> _Your task_: In the material below, the lines from the one containing "En una nota" through the one containing "Bandiera del pulsante" are to be given again exactly, ends included, and no others.

*** Opening Task material ***

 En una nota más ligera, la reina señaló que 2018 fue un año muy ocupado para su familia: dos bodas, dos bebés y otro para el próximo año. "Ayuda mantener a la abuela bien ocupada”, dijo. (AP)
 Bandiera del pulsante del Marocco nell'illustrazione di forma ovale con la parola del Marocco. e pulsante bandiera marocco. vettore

*** Closing Task material ***
*** Opening Task material ***

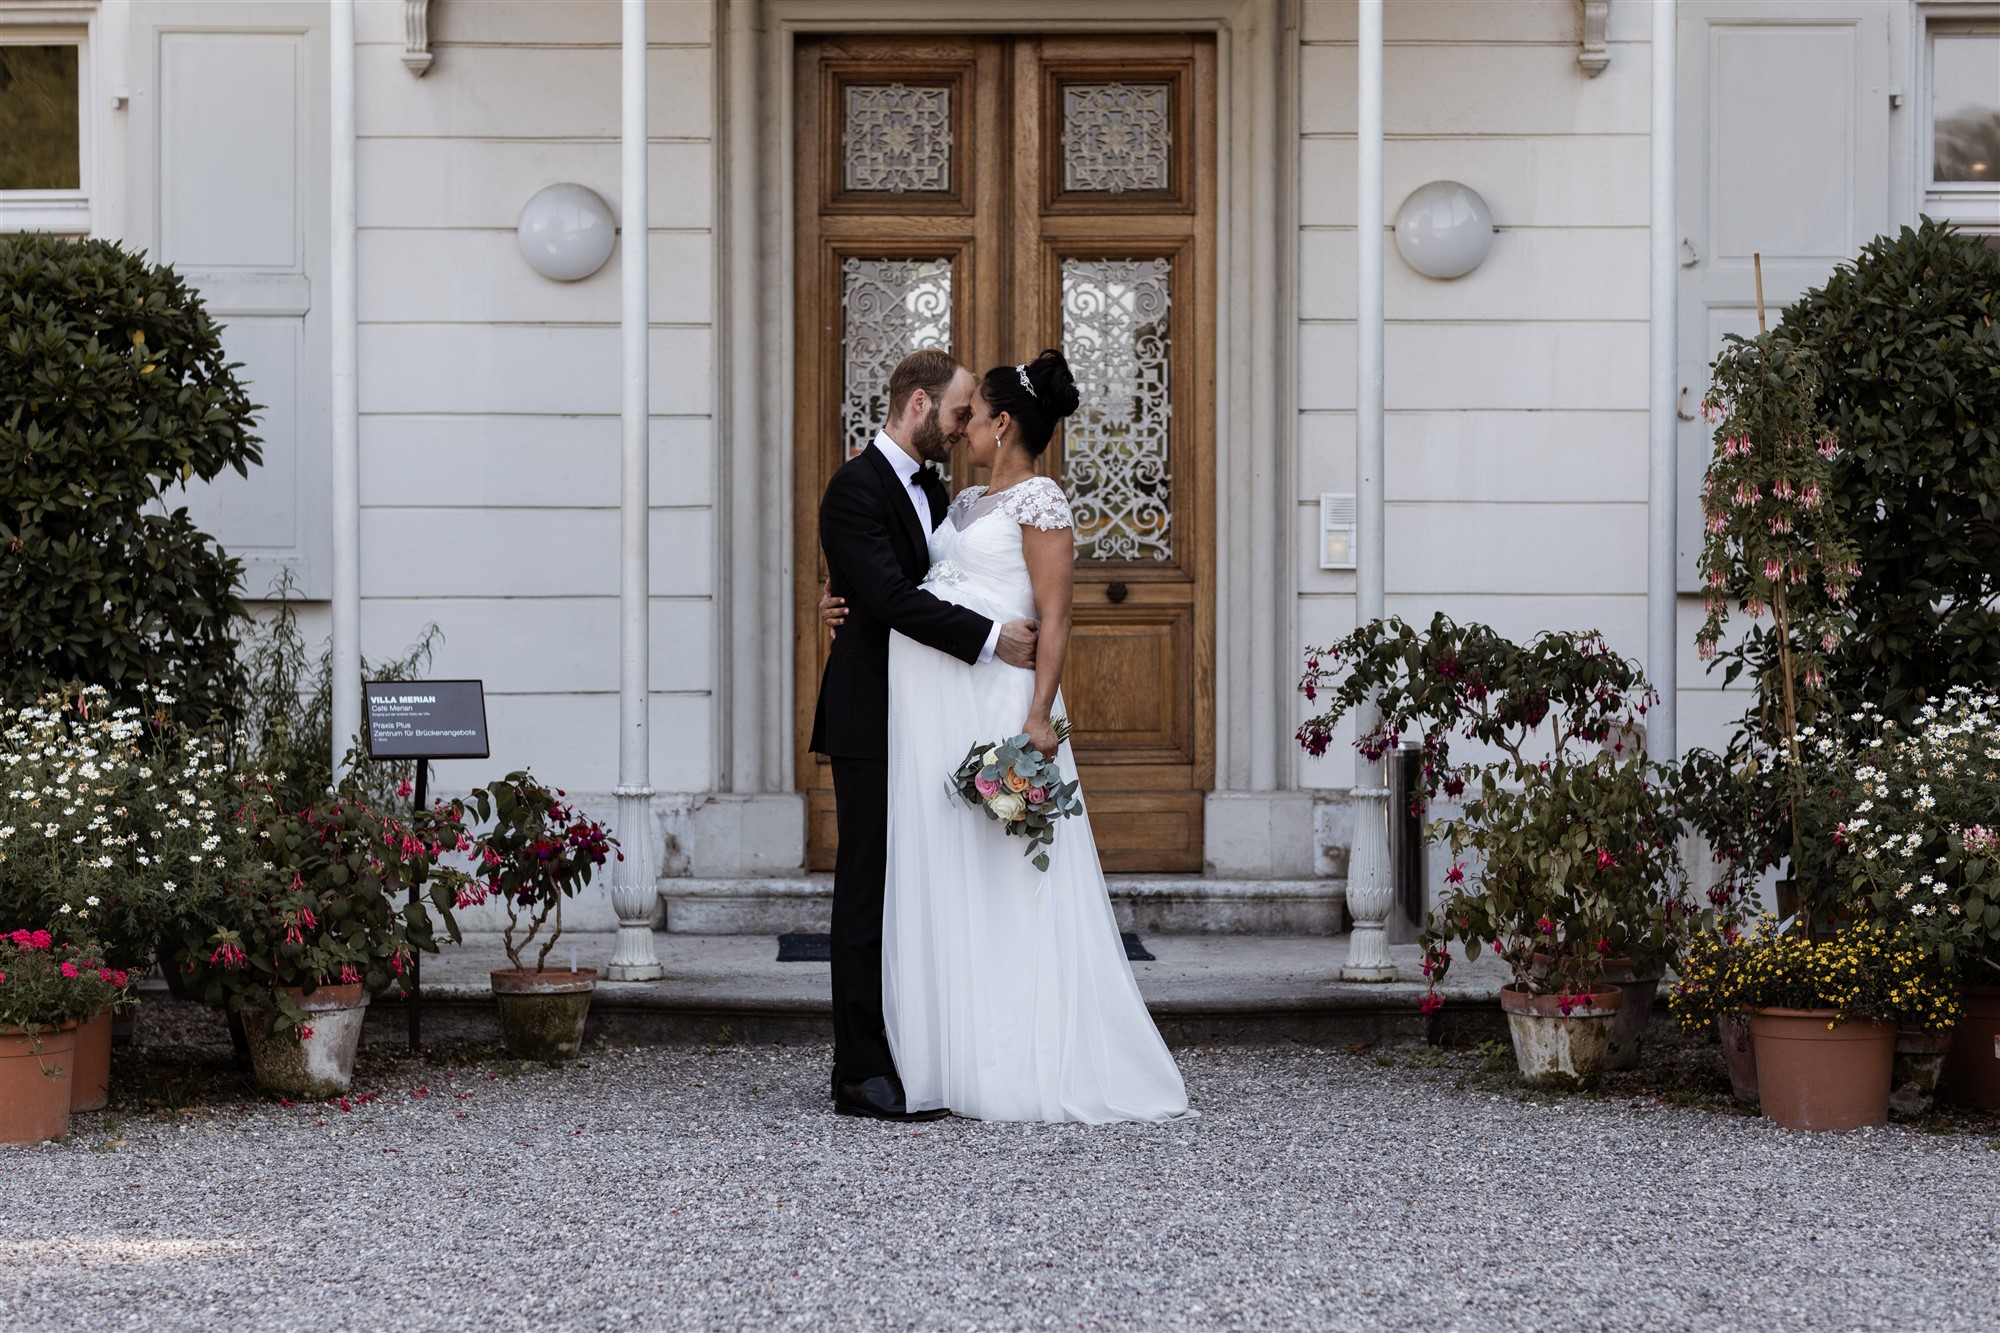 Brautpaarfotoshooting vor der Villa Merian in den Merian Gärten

*** Closing Task material ***
*** Opening Task material ***

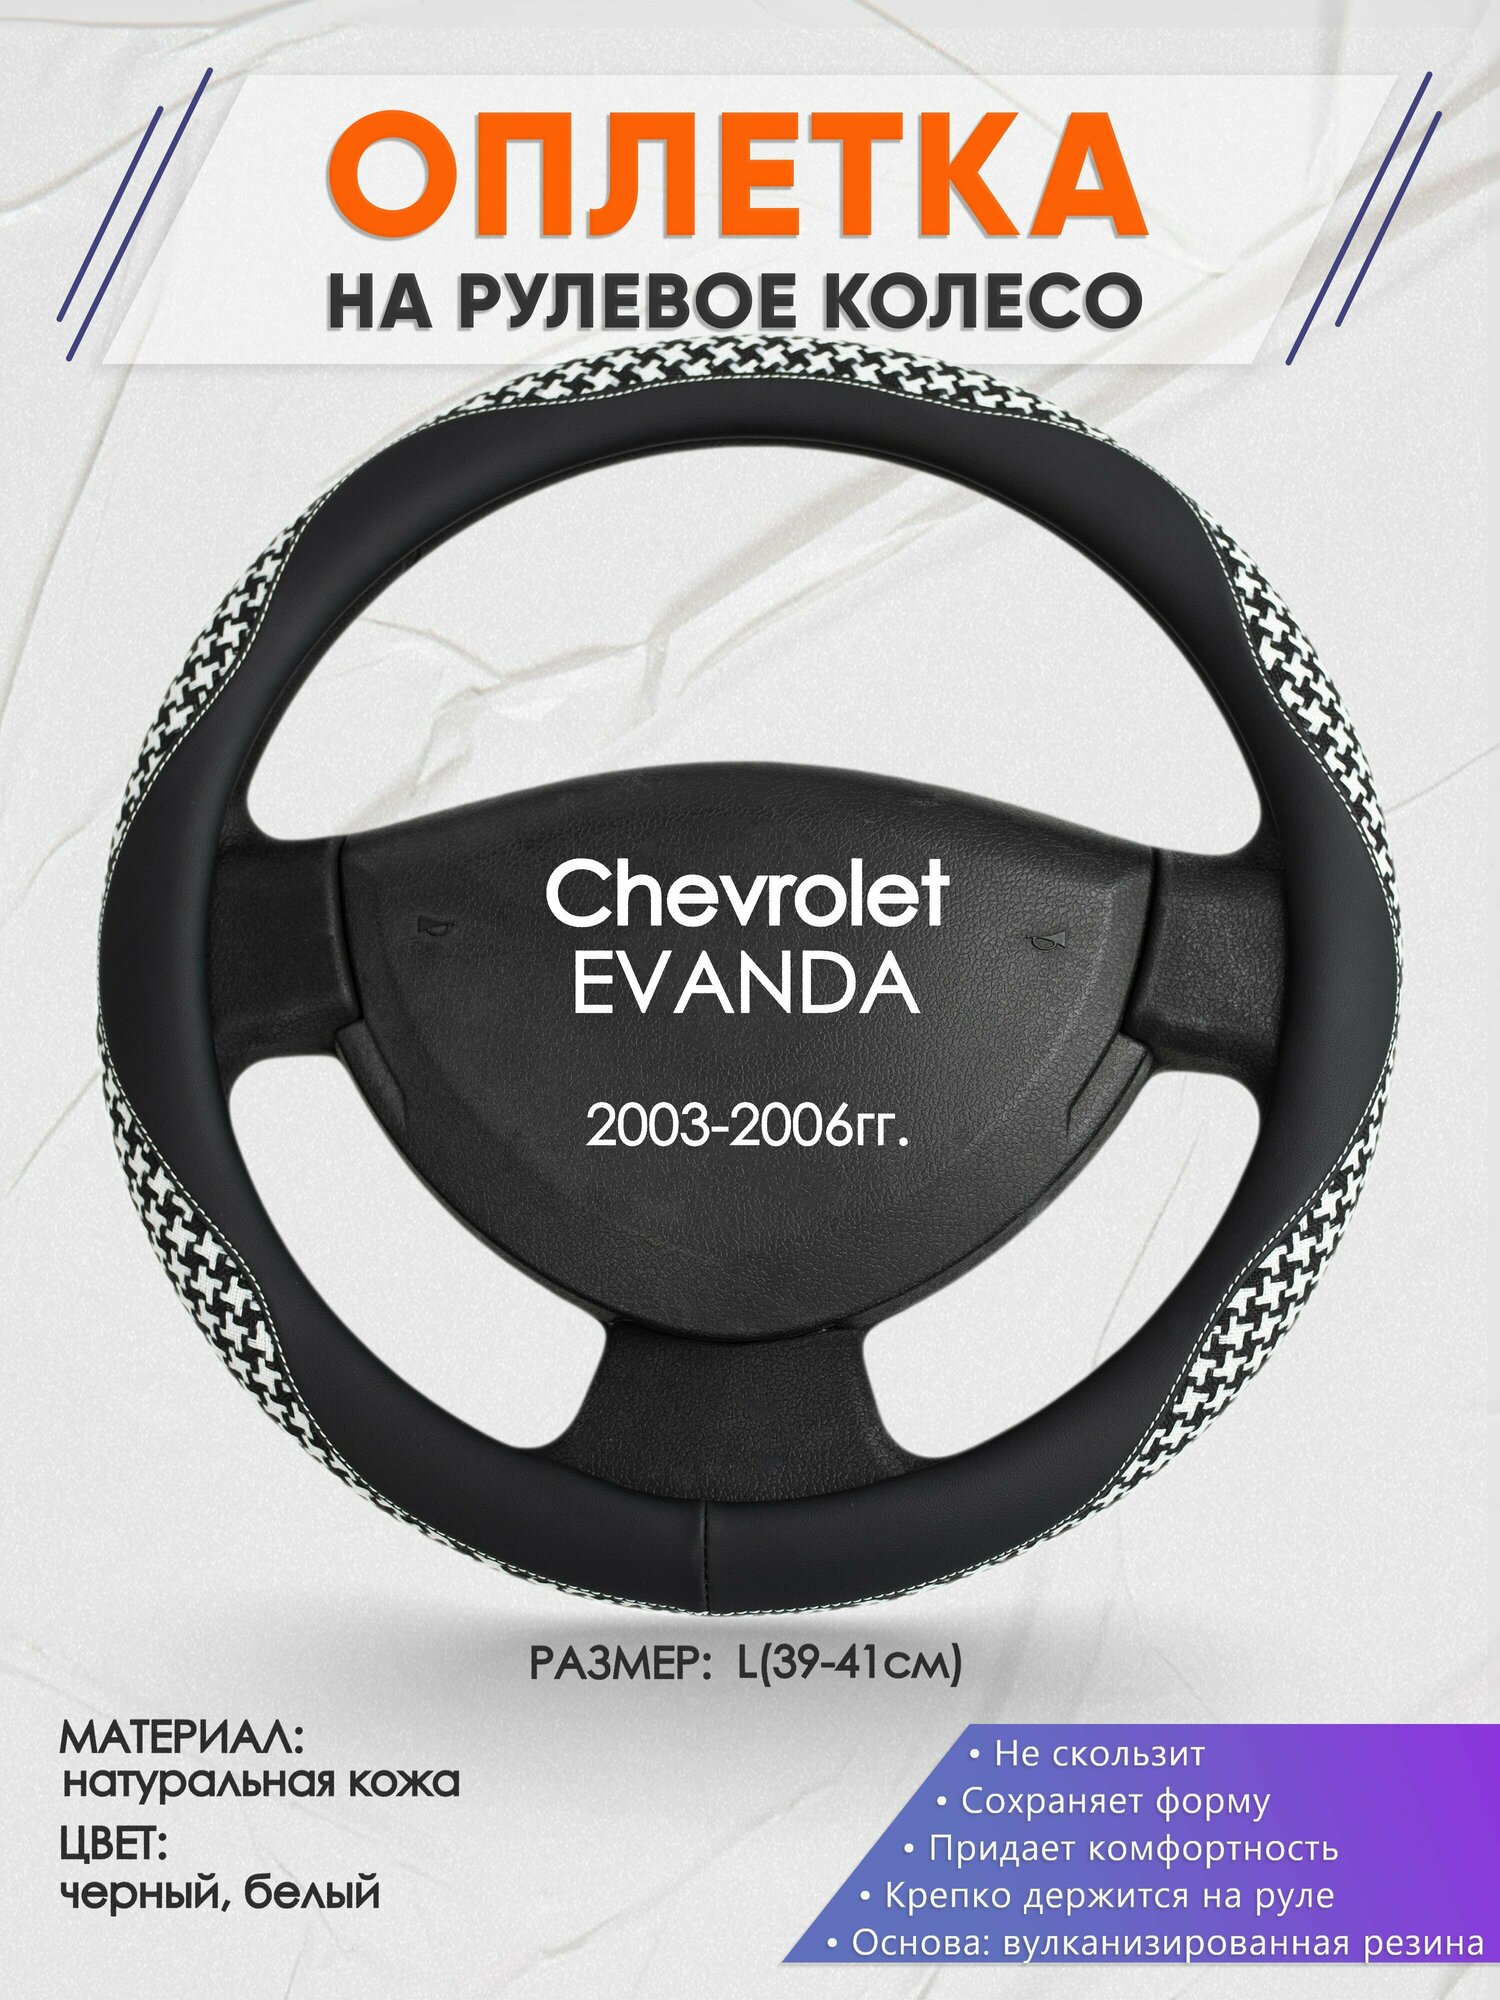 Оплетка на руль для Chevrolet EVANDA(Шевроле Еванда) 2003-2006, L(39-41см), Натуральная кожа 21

*** Closing Task material ***

> _Solution to the exercise_:
 En una nota más ligera, la reina señaló que 2018 fue un año muy ocupado para su familia: dos bodas, dos bebés y otro para el próximo año. "Ayuda mantener a la abuela bien ocupada”, dijo. (AP)
 Bandiera del pulsante del Marocco nell'illustrazione di forma ovale con la parola del Marocco. e pulsante bandiera marocco. vettore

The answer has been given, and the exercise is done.